In this small project, we aim to explore and analyze a dataset 'Exercise and Fitness Metrics Dataset' ( https://www.kaggle.com/datasets/aakashjoshi123/exercise-and-fitness-metrics-dataset/data?select=exercise_dataset.csv) containing various metrics related to exercise, including exercise type, heart rate, age, and exercise intensity. The primary goal is to uncover relationships between these variables to better understand the data and its potential utility.  By employing SQL queries within a Jupyter Notebook environment, we load the dataset, perform data analysis, and investigate the integrity and validity of the dataset. Specifically, we focus on evaluating average exercise intensity per exercise category, average heart rate per exercise category and the relationship between age and heart rate during exercise. 

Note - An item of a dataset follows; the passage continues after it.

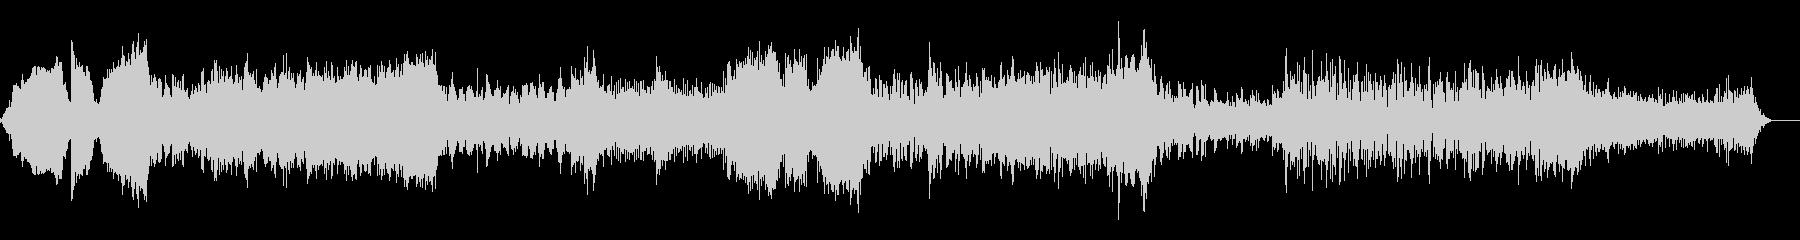 ハイブリットなムービートレーラーの未再生の波形
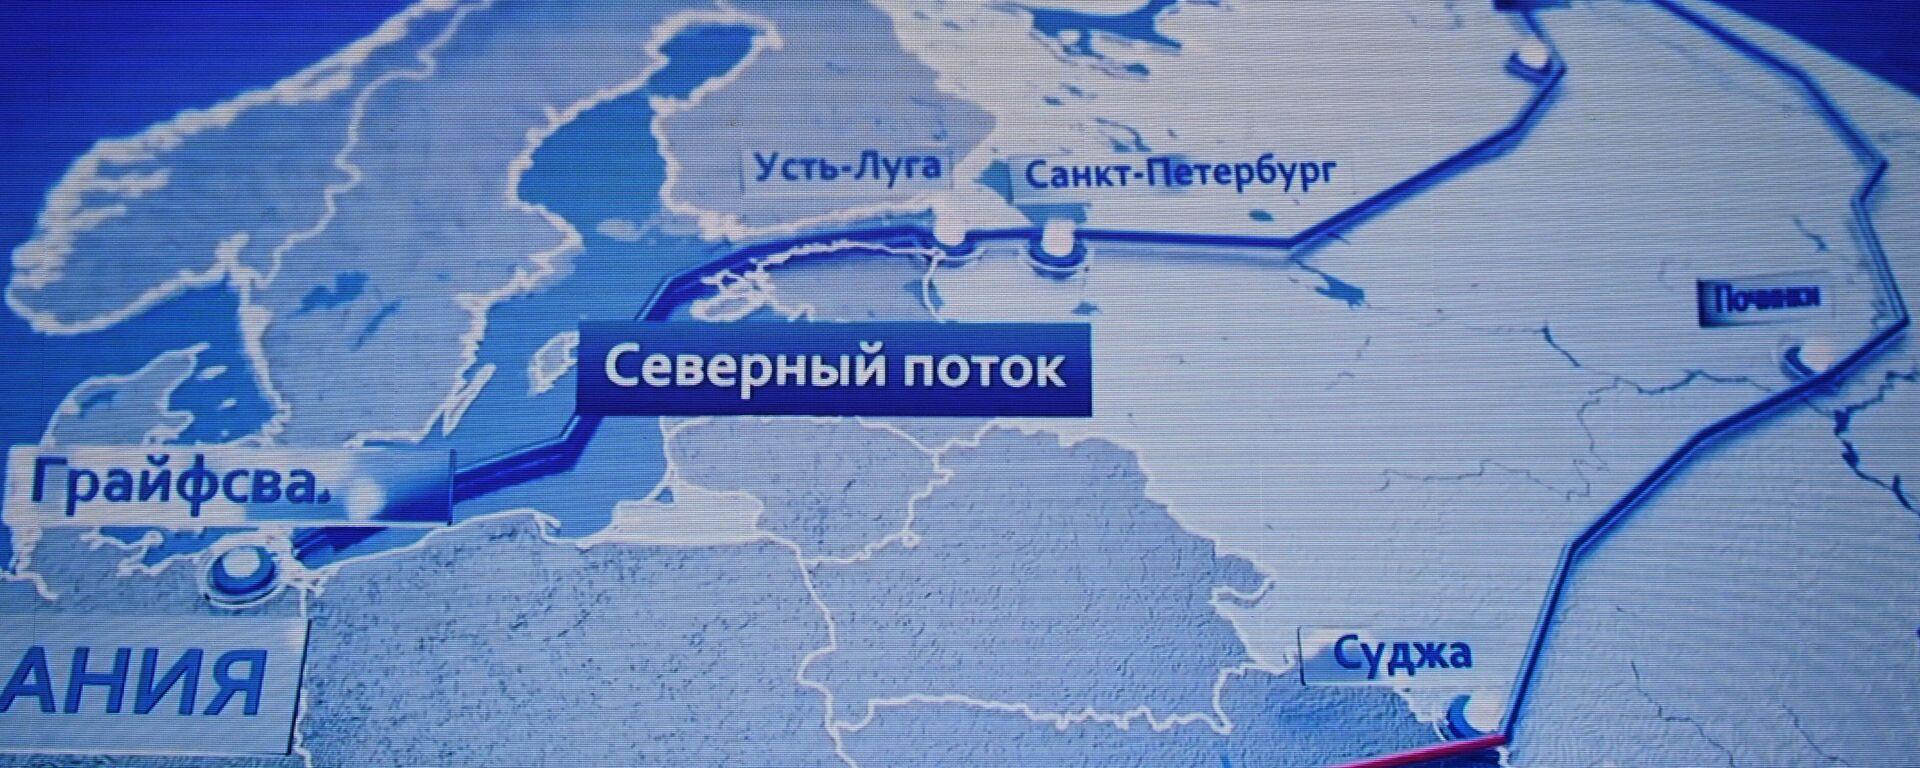 Фрагмент карты магистральных газопроводов Газпрома - Sputnik Latvija, 1920, 14.08.2021

#### **Loading CSV Data into a Pandas DataFrame**

This code serves load a CSV file into a Pandas DataFrame using Python. First, it imports the Pandas library, which is essential for data manipulation and analysis. The CSV file, located at '~/Desktop/Exercise_Dataset/exercise_dataset.csv', is read into a DataFrame using the pd.read_csv() function. Finally, the df.head() function displays the first few rows of the DataFrame to verify that the data has been loaded correctly. This step is crucial for ensuring the dataset is ready for further analysis.

#### **Verifying Table Creation in SQLite Database**

This code snippet creates an in-memory SQLite database and loads the previously read Pandas DataFrame into it as a table named exercise_dataset. By running the SQL query "SELECT name FROM sqlite_master WHERE type='table';", it confirms the successful creation of the table within the database. The result, displaying exercise_dataset under the name column, indicates that the table has been successfully created and is now available for executing SQL queries, enabling further data analysis and manipulation within the Jupyter Notebook environment.

In [18]:
import sqlite3

# Create an in-memory SQLite database
conn = sqlite3.connect(':memory:')

# Load the DataFrame into the SQLite database
df.to_sql('exercise_dataset', conn, index=False, if_exists='replace')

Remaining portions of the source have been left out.